CV / 3D Reconstruction - COLMAP

This work illustrates the visual 3D reconstruction of a scene according to the Structure from Motion (SfM) method and its implementation within COLMAP software.

1. Structure from Motion

Structure from Motion (SfM) is a photogrammetric approach that enables to produce a 3D model (Structure) of an inert scene from multiple images of it (Motion). This approach involves solving the projection equations system that links the camera parameters (calibration), the positions of the scene's points on the images and the 3D positions of these points within the scene. More formally:

$$\begin{cases}u_{i}\ =\ \dfrac{f_{u}r_{11}x_{t}\ +\ f_{u}r_{12}y_{t}\ +\ f_{u}r_{13}z_{t}\ +\ f_{u}t_{x}}{r_{31}x_{t}\ +\ r_{32}y_{t}\ +\ r_{33}z_{t}\ +\ t_{z}}\ +\ c_{u} \\ \\ v_{i}\ =\ \dfrac{f_{v}r_{21}x_{t}\ +\ f_{v}r_{22}y_{t}\ +\ f_{v}r_{23}z_{t}\ +\ f_{v}t_{x}}{r_{31}x_{t}\ +\ r_{32}y_{t}\ +\ r_{33}z_{t}\ +\ t_{z}}\ +\ c_{v} \end{cases}$$

where:

$(u_{i},\ v_{i})$ is the 2D projection of the point $(x_{t},\ y_{t},\ z_{t})$ ont the image $i$
$f_{u},\ f_{v},\ c_{u}, c_{v}$ are the camera intrinsic parameters
The camera pose for the production of image $i$ is: $\begin{bmatrix}r_{11} & r_{12} & r_{13} & t_{x} \\ r_{21} & r_{22} & r_{23} & t_{y} \\ r_{31} & r_{32} & r_{33} & t_{z} \\ 0 & 0 & 0 & 1 \end{bmatrix}$

With enough 3D points, images and 2D projections, the produced linear system can be solved and enables to retrieve all the involved variables.

2. COLMAP

COLMAP is a visual 3D reconstruction software that relies on Structure From Motion (SfM) photogrammetric approach. This software aims to produce photogrammetric 3D models from a set of images from calibrated cameras. The software is fully installed and functionnal onto the room's computer. However, for those wishing to work on their own computers, COLMAP can be installed on multiple architectures / systems by following the installation documentation.
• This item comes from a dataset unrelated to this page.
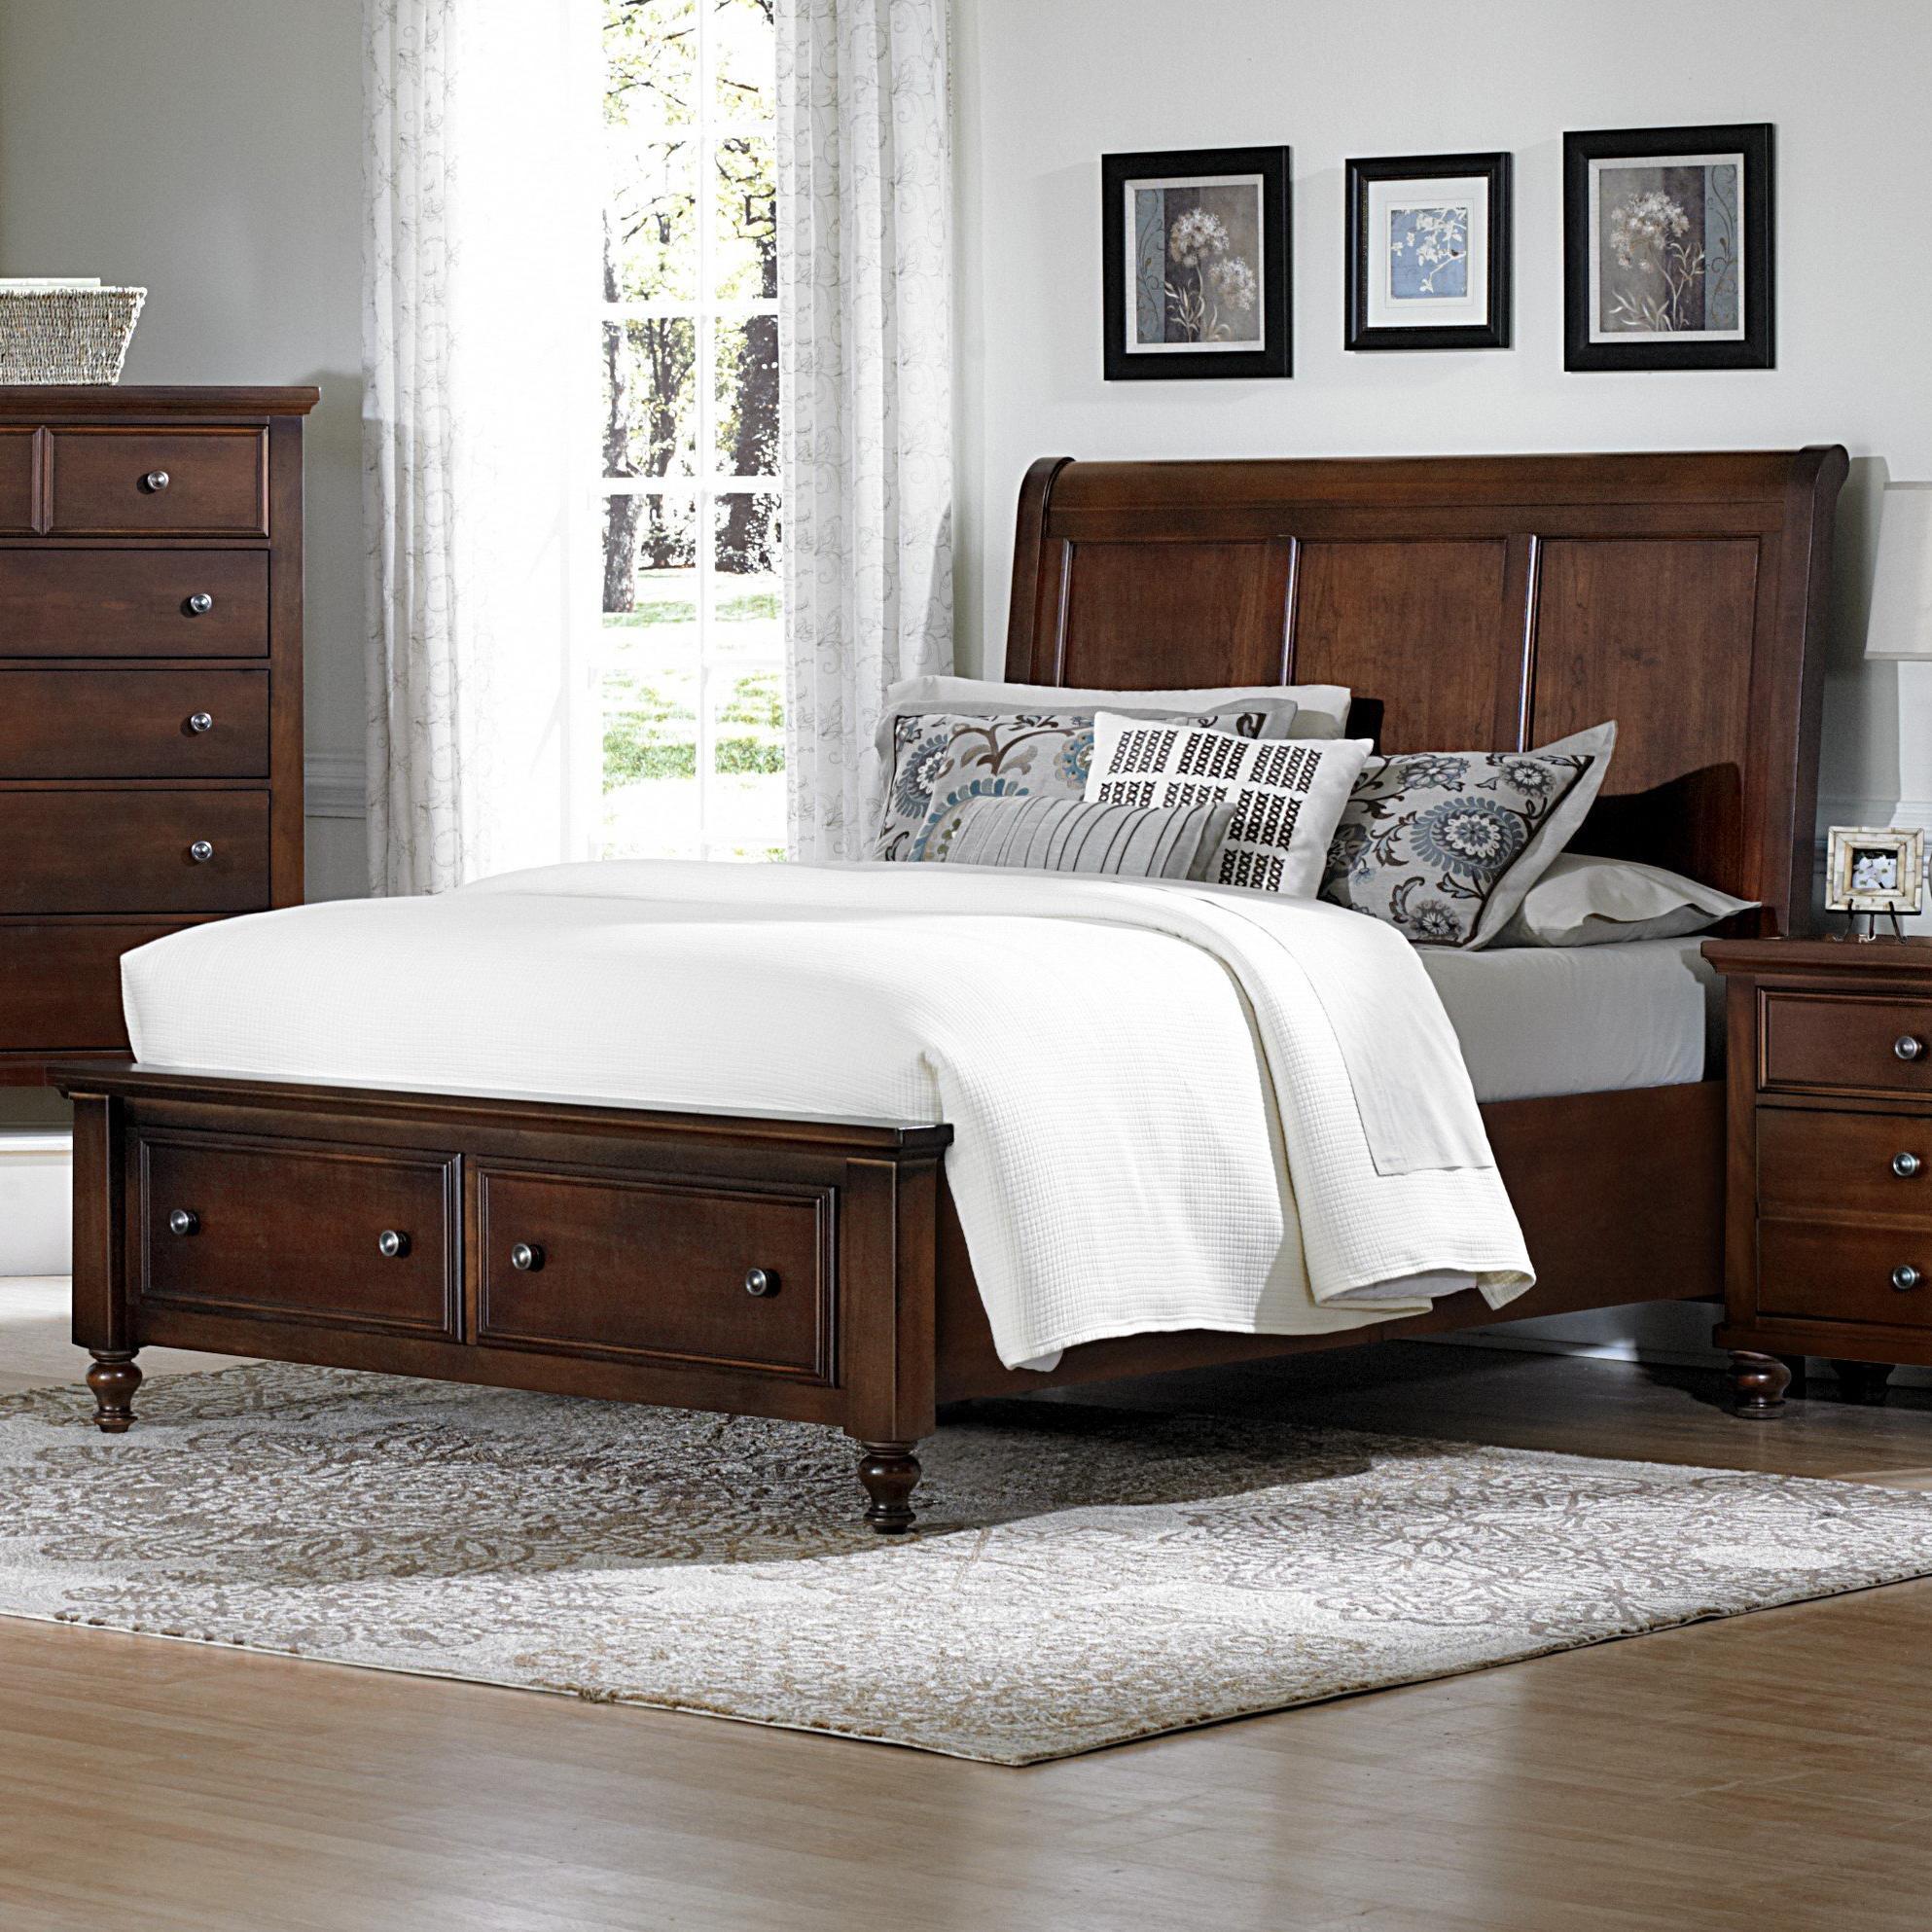 Vaughan Bassett Ellington Queen Sleigh Storage Bed - Item Number: 622-553+050B+502+555T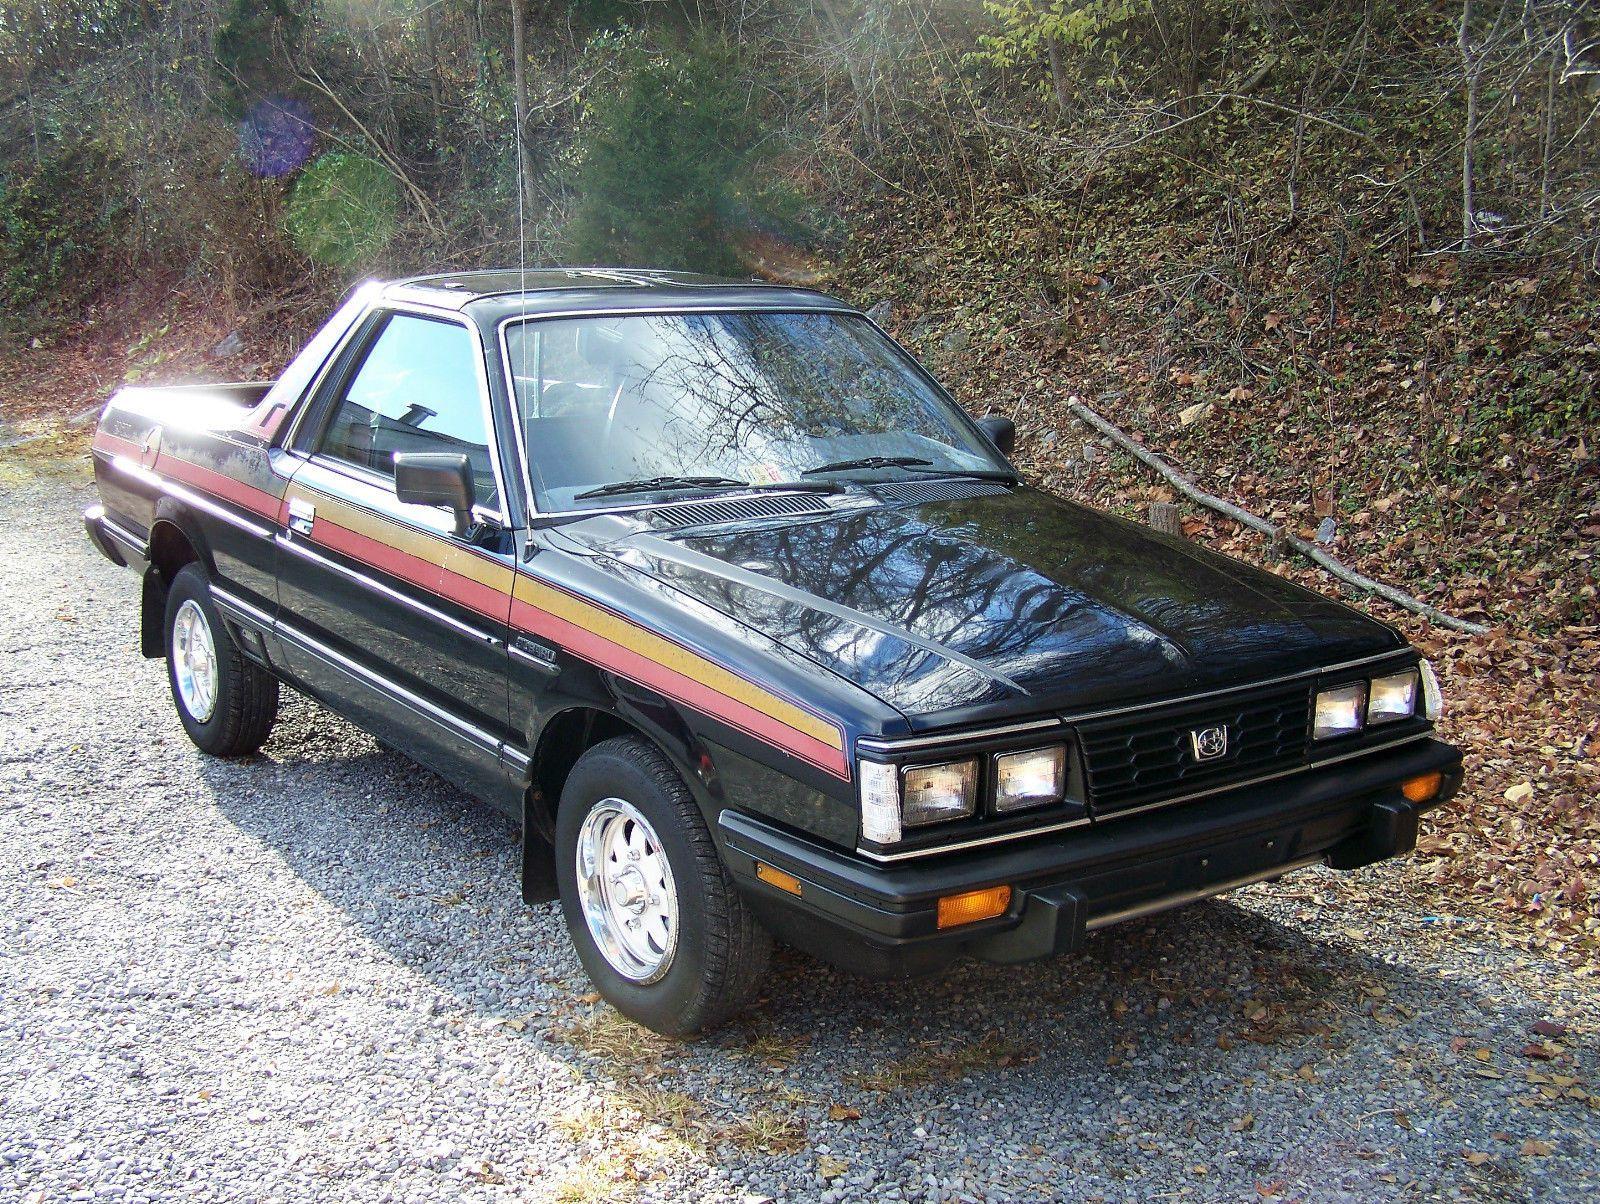 1984 Subaru BRAT GL 4X4 - Low Mileage Survivor for sale. Vintage ...

Sparse model of central Rome using 21K photos produced by COLMAP’s SfM pipeline (c) COLMAP

COLMAP's SfM process is designed to be efficient and to handle a large number of points automatically. To achieve this, several constraints are necessary:

All the involved images have to come from calibrated cameras ($f_{u},\ f_{v},\ c_{u}, c_{v}$ camera parameters and distortion have to be known)
The 3D points are automatically selected using Feature Detection methods (they cannot be fixed by user)

Producing a 3D reconstruction with COLMAP use the following process:

Camera Calibration (using OpenCV for example)
Image shooting of the scene
Feature Detection on the images
Solving SfM

COLMAP SfM Pipeline (c) COLMAP

2.1. First steps

To discover how COLMAP works, we're going to work on a dataset containing images and calibration information.

Exercise 1.

Create a cv-pw-colmap folder on a local disk on your computer.

Warning: (be carefull to not create the folder on shared / cloud folders as COLMAP intensively uses the filesystem when running)

Download the south-building example data and unzip the file within the cv-pw-colmap folder

On linux systems:

wget http://www.seinturier.fr/teaching/computer_vision/colmap/south-building.zip
unzip south-building.zip

On windows systems:

Click on the link http://www.seinturier.fr/teaching/computer_vision/colmap/south-building.zip and download the file
Cut and paste south-building.zip within the folder cv-pw-colmap
Extract the zip file (right click then Extract here)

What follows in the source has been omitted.